Both statements describe what Lean teams in labs and hospitals do: Identify the superfluous steps in a process that squander productivity and profit. As a recognized national Lean expert, Mark Jamrog, president and CEO of SMG Group in Edwardsburg, Mich., simplifies it this way: In using Lean, “you scrape the nonsense off the top” so you can unearth the real problems.
And while Lean is mostly a science, there’s also an art to finding the simplest ways to drive out wasted time, motion, inventory, and space to give customers (ordering clinicians, patients, payers) what they want when they want it. “That is the whole idea of the concept of ‘creativity over capital’ where we take the time to develop a more innovative cost-effective solution that works better than an expensive solution,” says David Stowe, a Chicago-based partner in SMG Group.
Jamrog agrees. “In choosing a solution to a problem,” he says, the idea “is to make your costs go down—not to shift costs.” And “when you fix the simple things, oftentimes you find out that the complicated solution you first thought was needed isn’t needed anymore.

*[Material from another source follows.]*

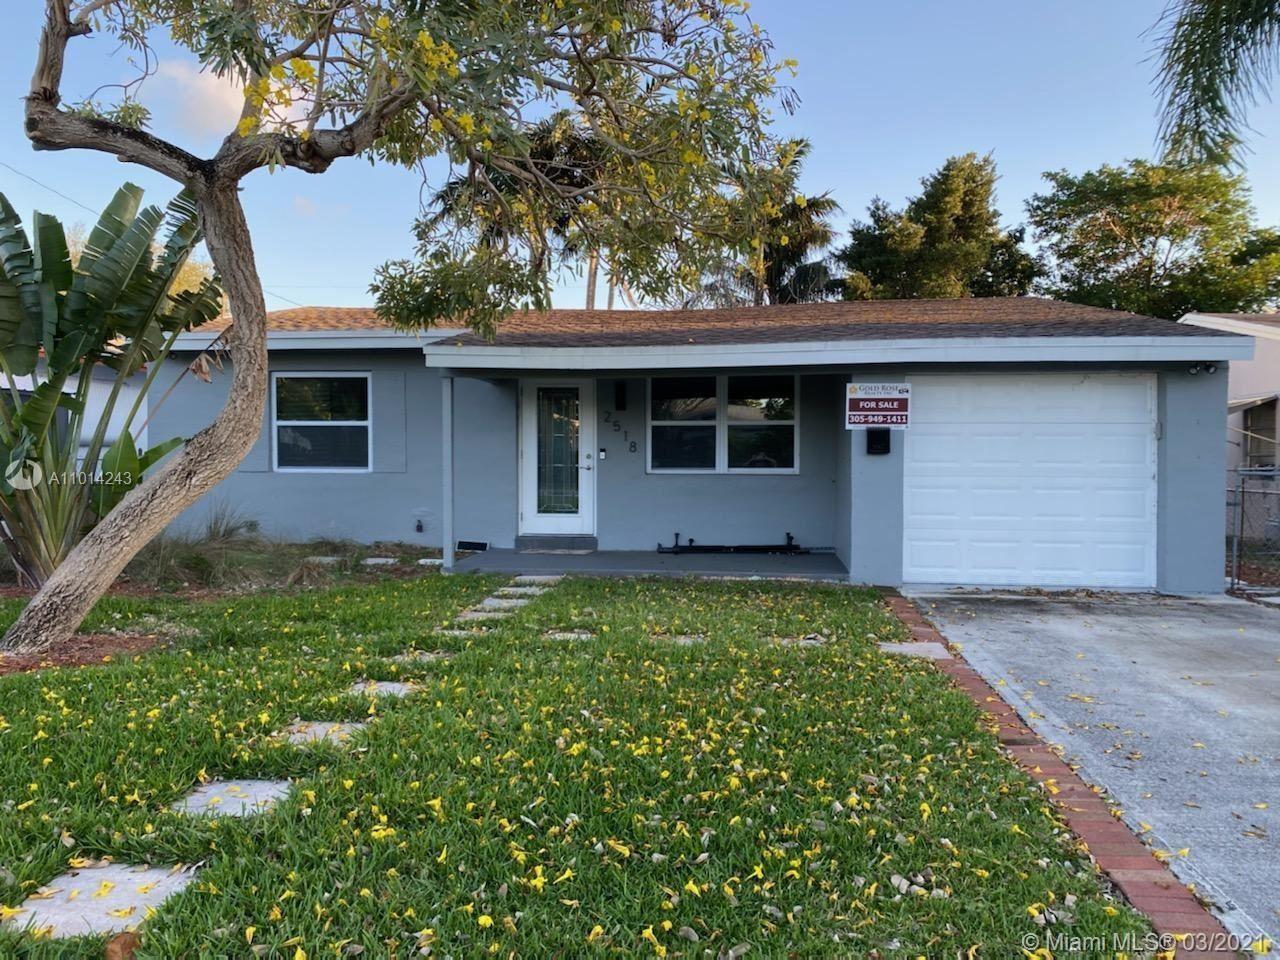 2518 Roosevelt St, Hollywood, FL 33020 - #: A11014243

Or then you can select appropriate new technology to further improve your process.”
Case in point: The Lean team at Saint Marys Hospital, a Mayo Clinic hospital in Rochester, Minn., came up with a simple but clever strategy to manage what had become a chaotic paper order system for lab work in its ICUs. The team executed a “bus route” schedule in which specialized phlebotomists on a vascular access team drop by patients’ rooms at designated times to collect blood for lab testing, including arterial blood gases. The technicians also perform point-of-care testing and place intravenous lines.

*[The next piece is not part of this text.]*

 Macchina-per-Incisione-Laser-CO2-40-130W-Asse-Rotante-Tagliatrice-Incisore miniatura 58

The vascular access team got its start a decade ago to consolidate specimen collection and IV placement in the units—a change that in and of itself boosted efficiency and patient care and satisfaction, says Twyla Rickard, laboratory operations manager for the Mayo Clinic.
Then last year, the Lean team decided to revamp the way in which the technicians were accessing and managing paper orders. At the time, the vascular access team, or VAT, technicians were receiving paper orders in multiple ways, creating opportunity for duplicate orders and other snafus. Some orders, Rickard says, “were hand delivered, some placed on [the VAT tech’s] working cart or desk or maybe hung on the patient’s door, or handed to the vascular access technician by the nurse or unit secretary.”
Further fueling the confusion, Mayo physicians make rounds in teams, and sometimes one team would order what another had already requested. As a result, for every hour the VAT tech spent entering orders, the person spent two hours reworking them, Rickard says. And a VAT tech’s pager was going off 30 or more times per shift for response to urgent requests.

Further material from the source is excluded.